Gill Pratt: “The reason we wanted to have this virtual challenge is that we wanted to open the contest to teams that were strong not just in both building hardware for robots and programming them with software, but to include a wide variety of teams including those that had experience with just software. So for those teams whose strength is primarily software, we are having this contest in simulation. They will essentially be programming and interacting with a robot that we will provide for the people who will do the best in the contest, which is a robot called Atlas that was designed by Boston Dynamics. The government, at its expense, will give up to six teams who do the best in the VRC this robot to use in the [final] event itself.”
While DARPA had only allocated resources for the top six teams to move through, a combination of good sportsmanship and generosity will see members of the top nine teams move forward:
In all a total of 7 teams will receive funding and an ATLAS robot to compete in the DRC Trials in December 2013. DARPA is also funding several other “Track A” teams, like CMU, Raytheon and JPL, to construct their own robot and compete in the Trials.
In a demonstration of good sportsmanship, Jet Propulsion Laboratory, which also has a DARPA-funded Track A effort with its own robot, decided to merge its two efforts and offer the bulk of the resources it earned in the VRC to other teams. DARPA split the freed resources between the 7th and 8th ranked teams. The robot associated with the JPL win and some funding now goes to TROOPER (Lockheed Martin).
As well, additional funds are being allocated to a newly formed team of Team K and Case Western. That team, now known as HKU, will use an ATLAS robot generously donated to it by Hong Kong University to participate in the DRC Trials in December.

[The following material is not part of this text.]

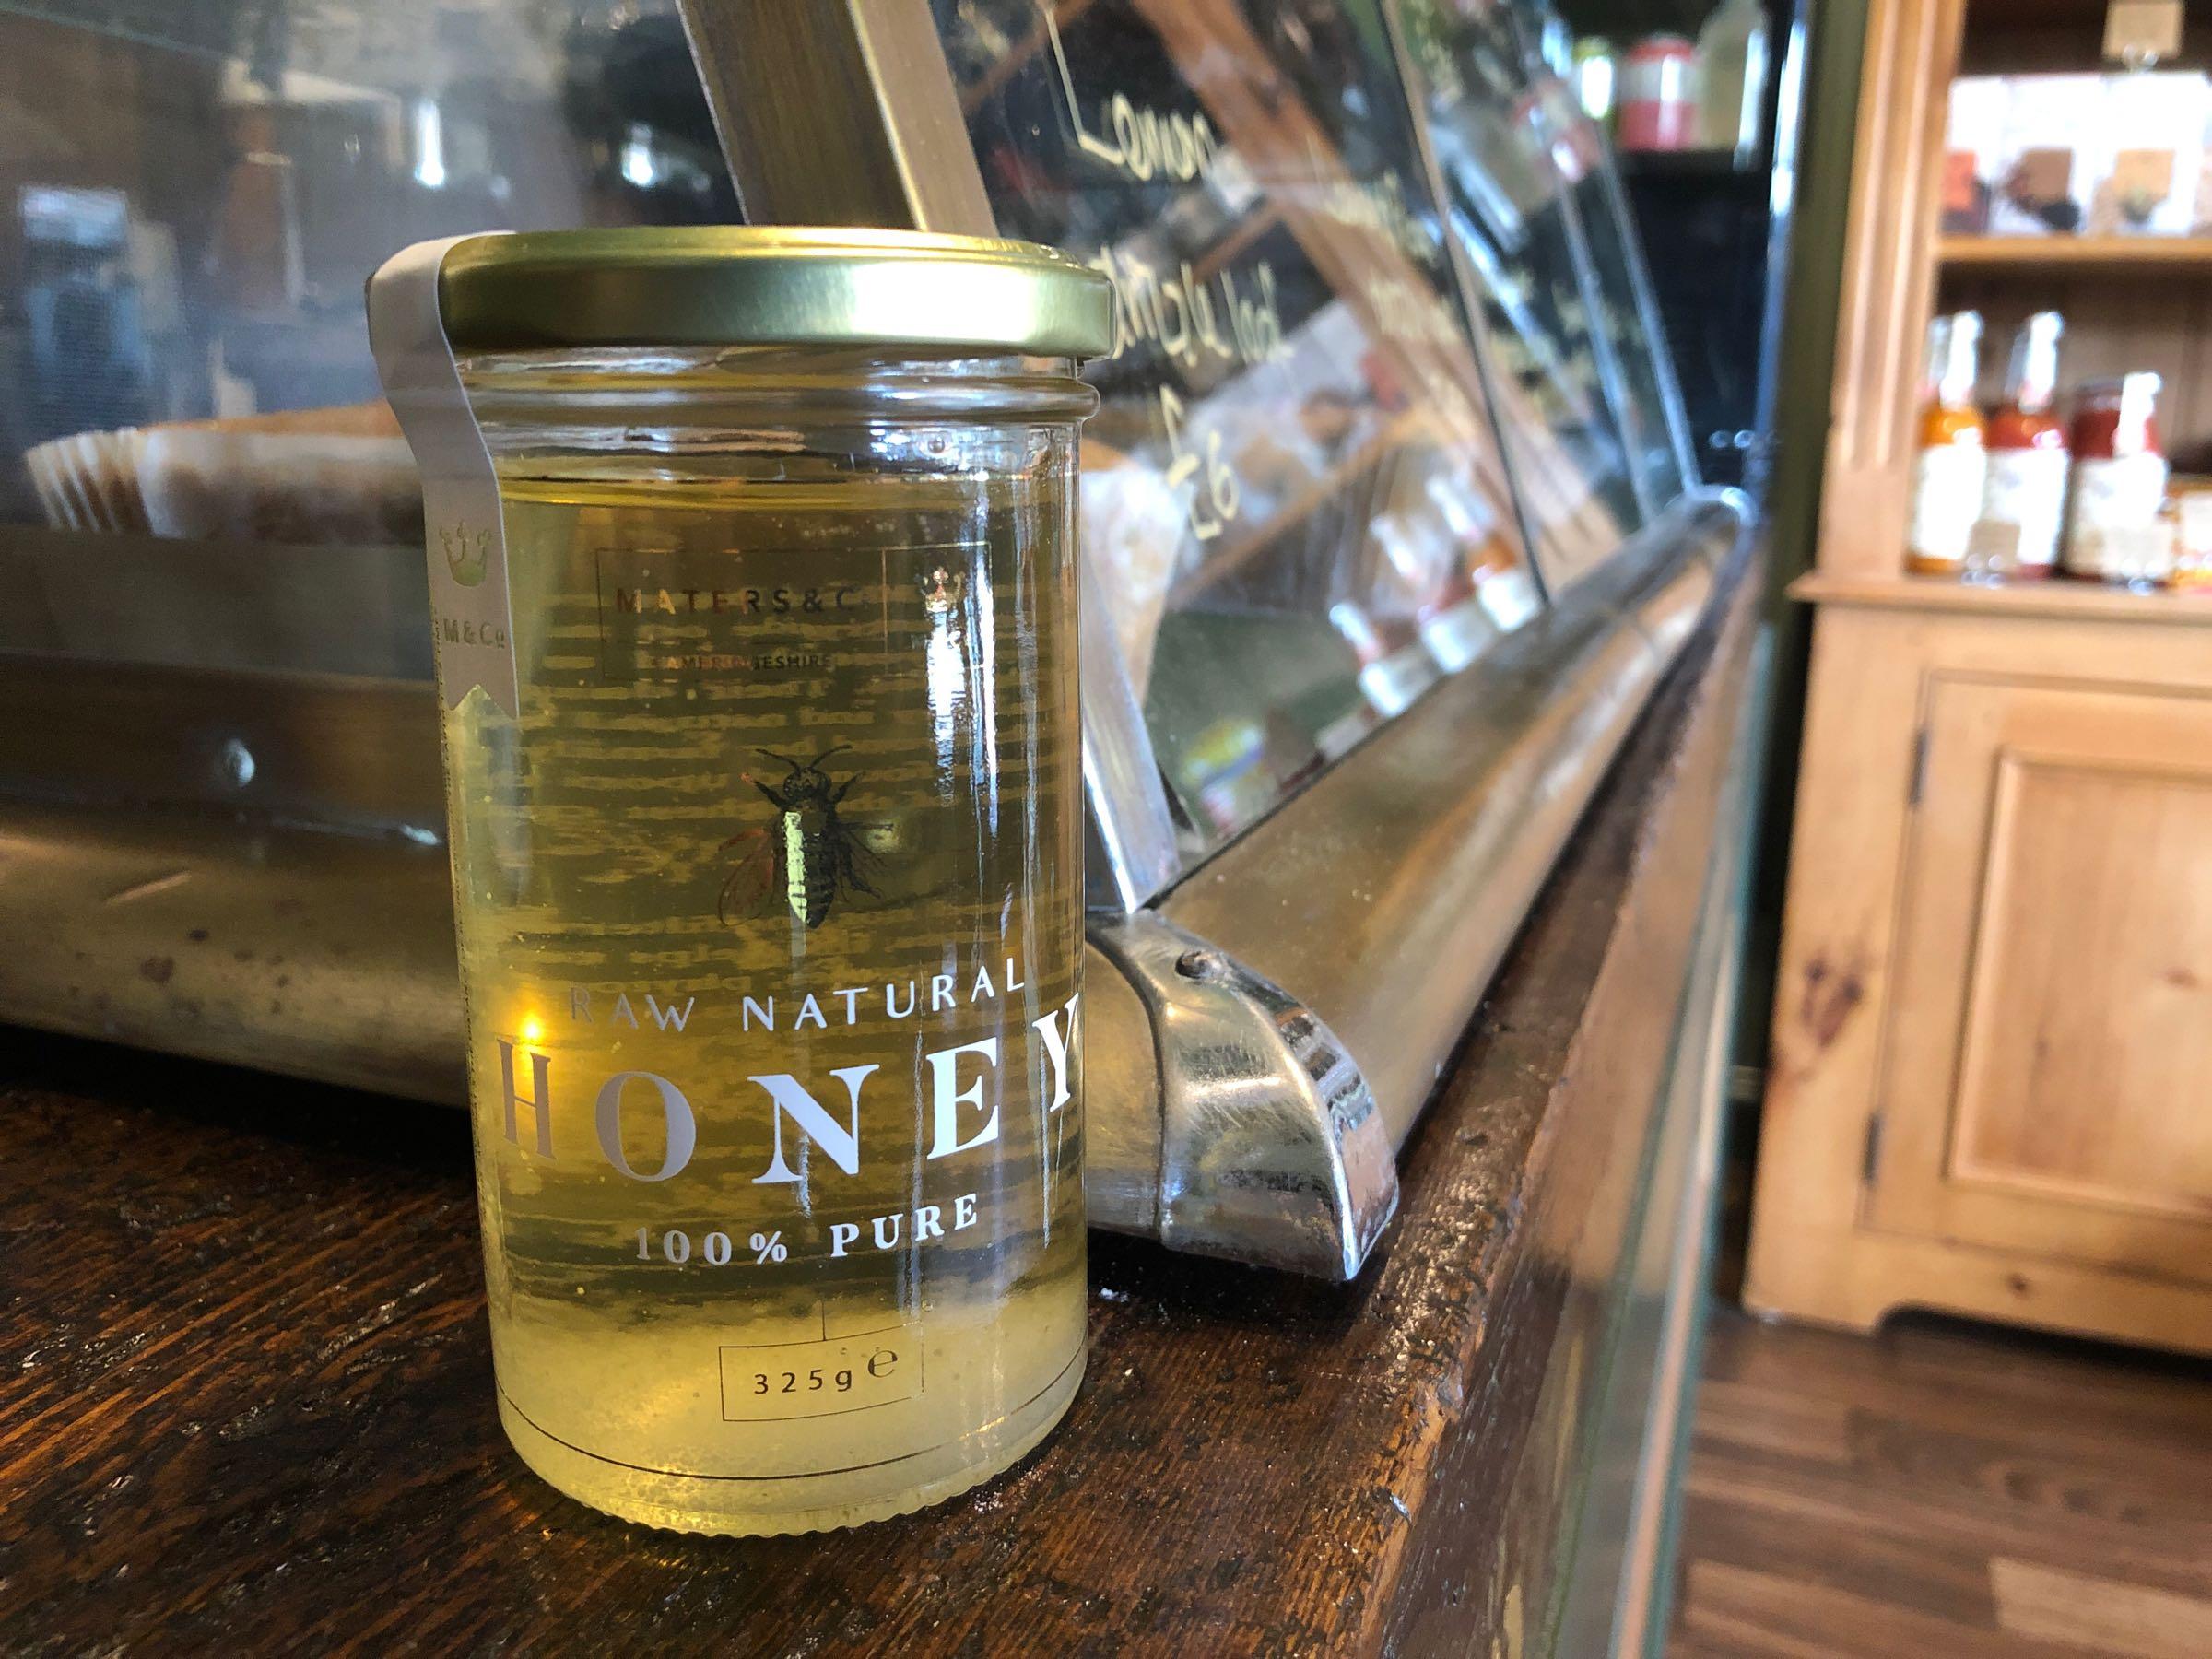 Maters & Co Honey 325g - Borage
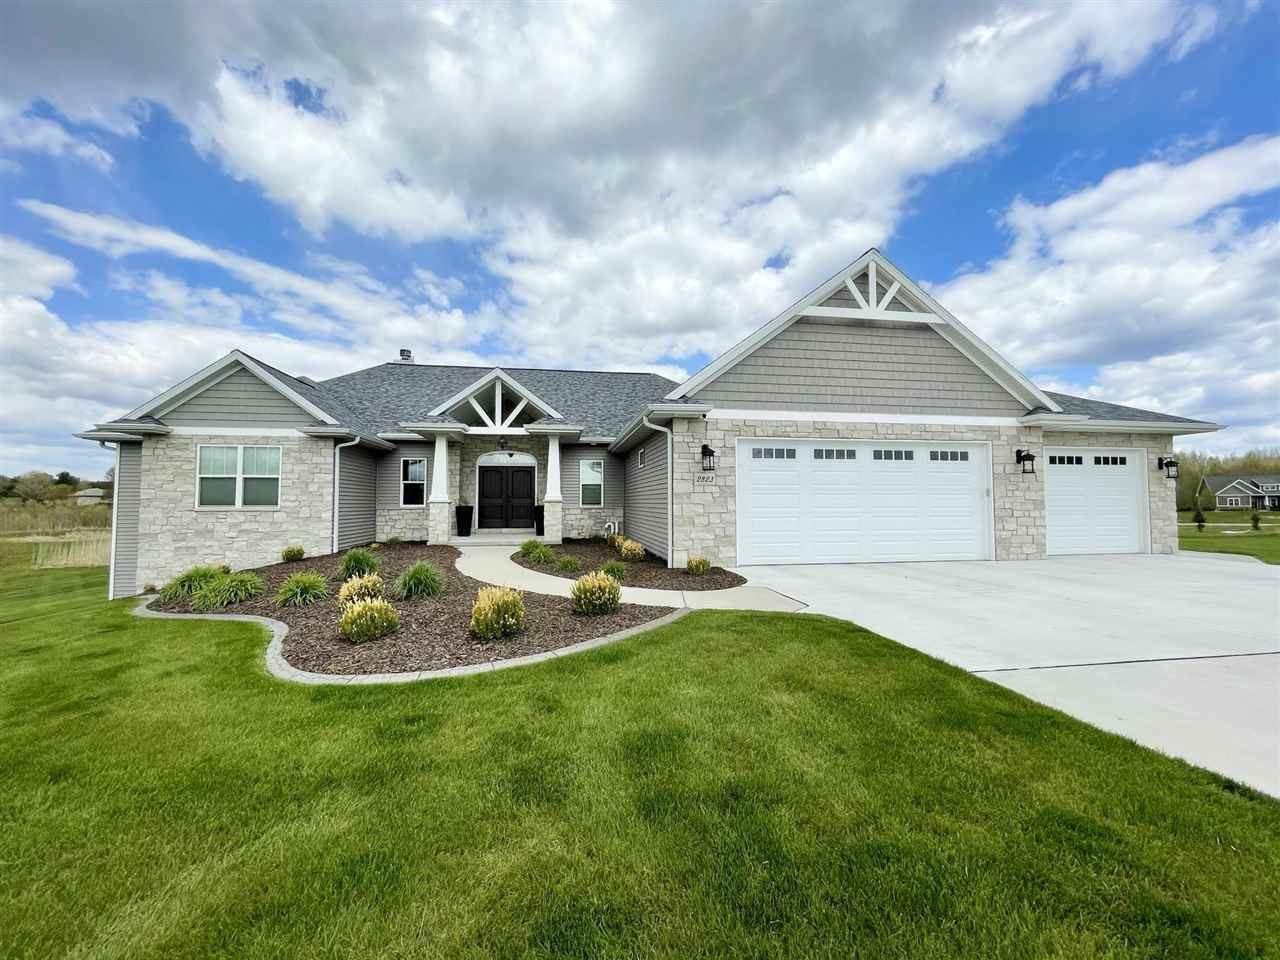 2823 STONE CREEK Circle, Green Bay, WI 54313 - MLS#: 50239798

In total, 7 teams, combining members of the top 9 teams, will move on, with ATLAS robots and DARPA support, to the December round of the DRC, where they will compete with other teams with their own robots.
From the DARPA press release:
VRC teams were evaluated based on task completion and effective operator control of the robots in five simulated runs for each of three tasks (15 total timed runs) that addressed robot perception, manipulation and locomotion. The tasks included: entering, driving and exiting a utility vehicle; walking across muddy, uneven and rubble-strewn terrain; and attaching a hose connector to a spigot, then turning a nearby valve. To simulate communications limitations in a disaster zone, the VRC imposed a round trip latency of 500 milliseconds on data transmission, and varied the total number of communications bits available in each run, from a high of 900 megabits down to 60 megabits.
To conduct the VRC, DARPA funded the Open Source Robotics Foundation to develop a cloud-based simulator that calculates and displays the physical and sensory behaviors of robots in a three- dimensional virtual space, in real time. The simulator allowed teams to send commands and receive data over the Internet to and from a simulated ATLAS robot—information very similar to what would be sent between a physical robot and its operator in the real world.
“The VRC and the DARPA Simulator allowed us to open the field for the DARPA Robotics Challenge beyond hardware to include experts in robotic software. Integrating both skill sets is vital to the long- term feasibility of robots for disaster response,” said Gill Pratt, DRC program manager. “The Virtual Robotics Challenge itself was also a great technical accomplishment, as we have now tested and provided an open-source simulation platform that has the potential to catalyze the robotics and electro- mechanical systems industries by lowering costs to create low-volume, highly complex systems.”